Pakistan Peoples Party was also under the US scanner.
By Deepak Chitnis
WASHINGTON, DC: New data leaked by NSA whistleblower Edward Snowden reveals that the US government sanctioned the controversial domestic intelligence agency to spy on six non-US political parties, one of which is India’s BJP.
The news, revealed in a report by The Washington Post on Tuesday, could strike a huge blow to Indo-US ties, which are supposed to be on the up-and-up as both countries try to move past the difficulties of recent months and forge stronger economic ties under India’s new Prime Minister, Narendra Modi.
A fresh row between the two nations is the last thing the US and India need, just as the dust settles on the Khobragade row, and in light of ongoing bad blood regarding the US continually downgrading crucial Indian economic sectors.
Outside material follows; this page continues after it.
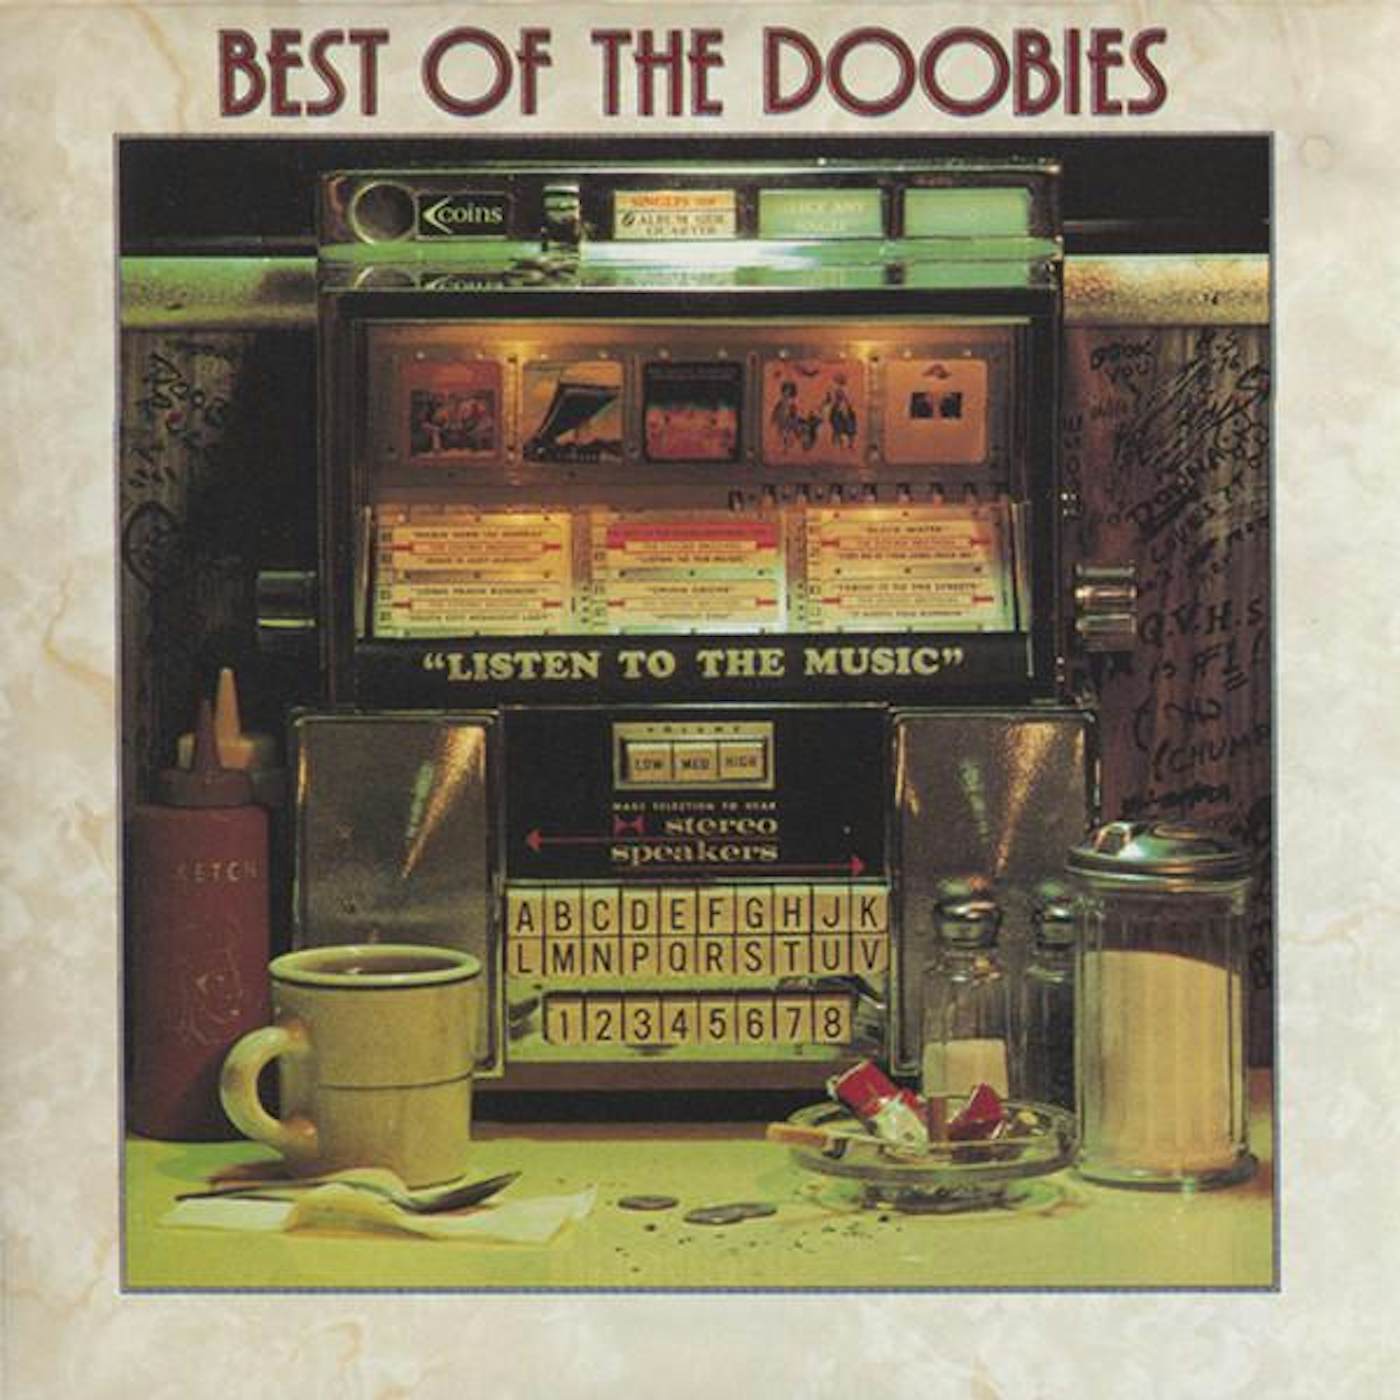 The Doobie Brothers BEST OF THE DOOBIES CD
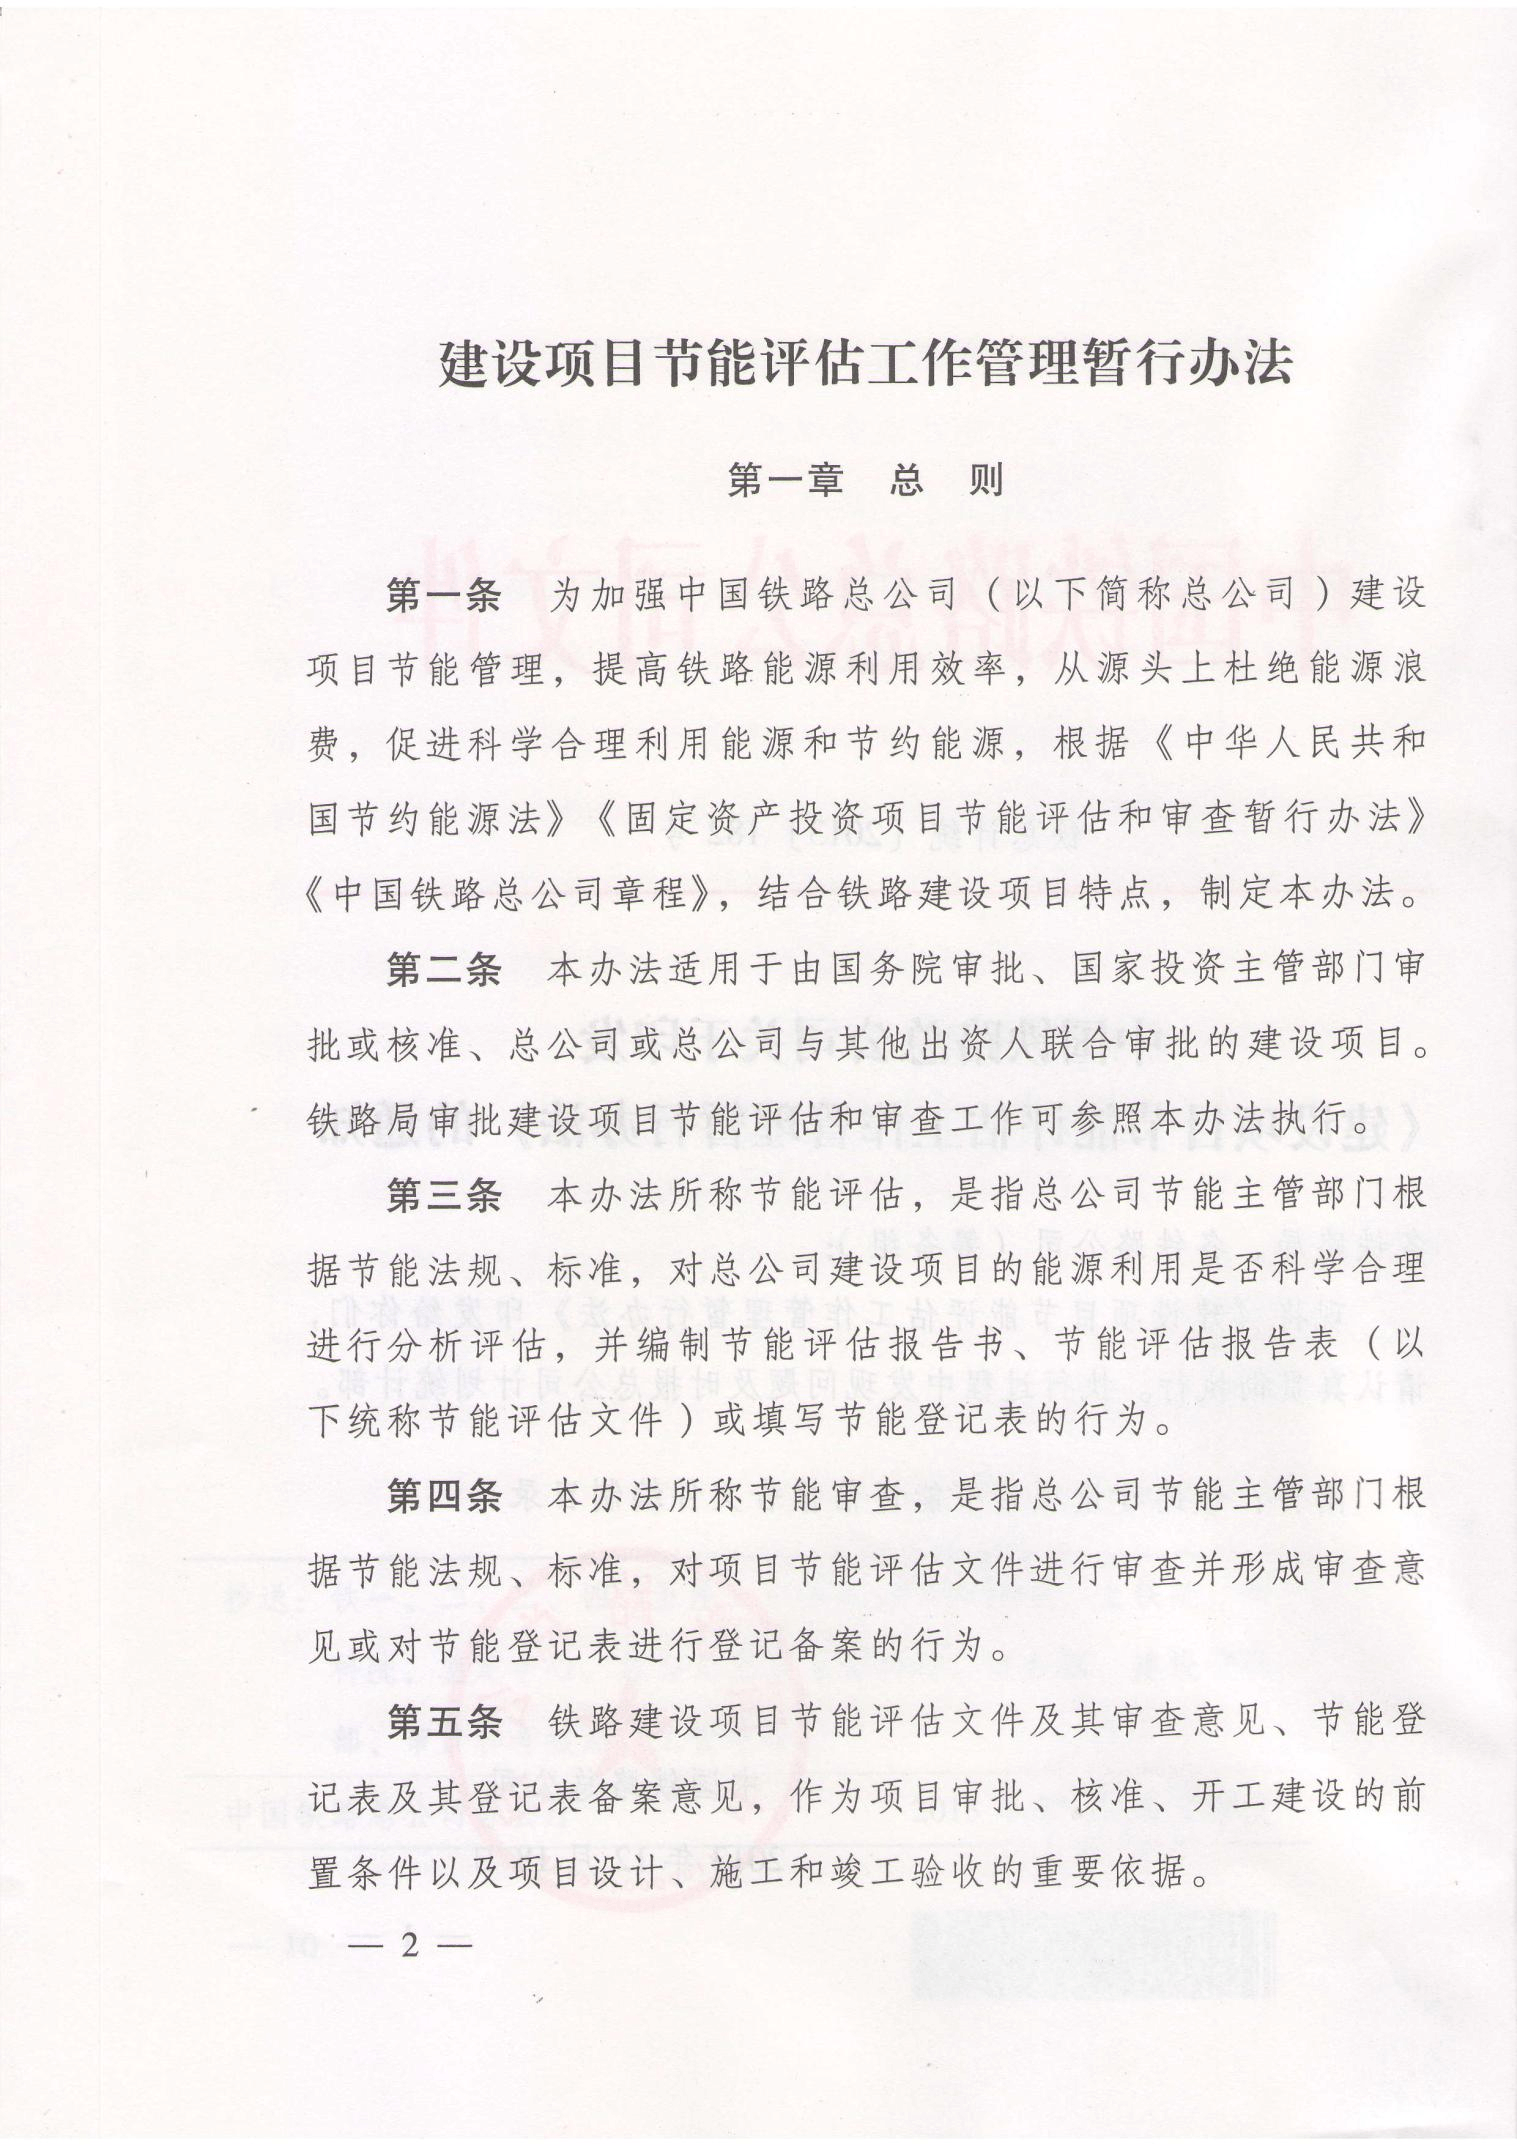 中国铁路总公司关于印发《建设项目节能评估工作管理暂行办法》的通知

While it was revealed long ago that the US was spying on several foreign governments, including India’s, the news that they were spying on the BJP specifically is what has raised the alarm.
The news could also cast a pall over Modi’s upcoming September visit to Washington, DC, where he is set to meet President Barack Obama for the first time since taking office. Modi is the leader of the BJP, which dominated India’s most recent election to take an overwhelming majority of the Parliamentary government.
In addition to the BJP, the US government authorized the NSA to spy on the Amal Party of Lebanon, the Bolivarian Continental Coordinator Party of Venezuela, the Egyptian Muslim Brotherhood, the Egyptian National Salvation Front, and the Pakistan Peoples Party.
“These are the entities about which the NSA may conduct surveillance for the purpose of gathering foreign intelligence,” says the NSA documents, according to the Post report. Four countries – Australia, Canada, New Zealand, and the UK – have treaties with the US preventing them from being spied on.
The BJP are said to be treating the report that the NSA is spying on them as something “serious,” according to the Press Trust of India, and are in the process of cross-checking the facts to say if there is any validity to these claims. If the allegations do turn out to be true, the BJP has not divulged what action they may take.
There has been no change to Modi’s plan to visit the White House on September 20, and it’s difficult to say if he really would change those plans if more incriminating evidence about the NSA’s spy plans comes to light.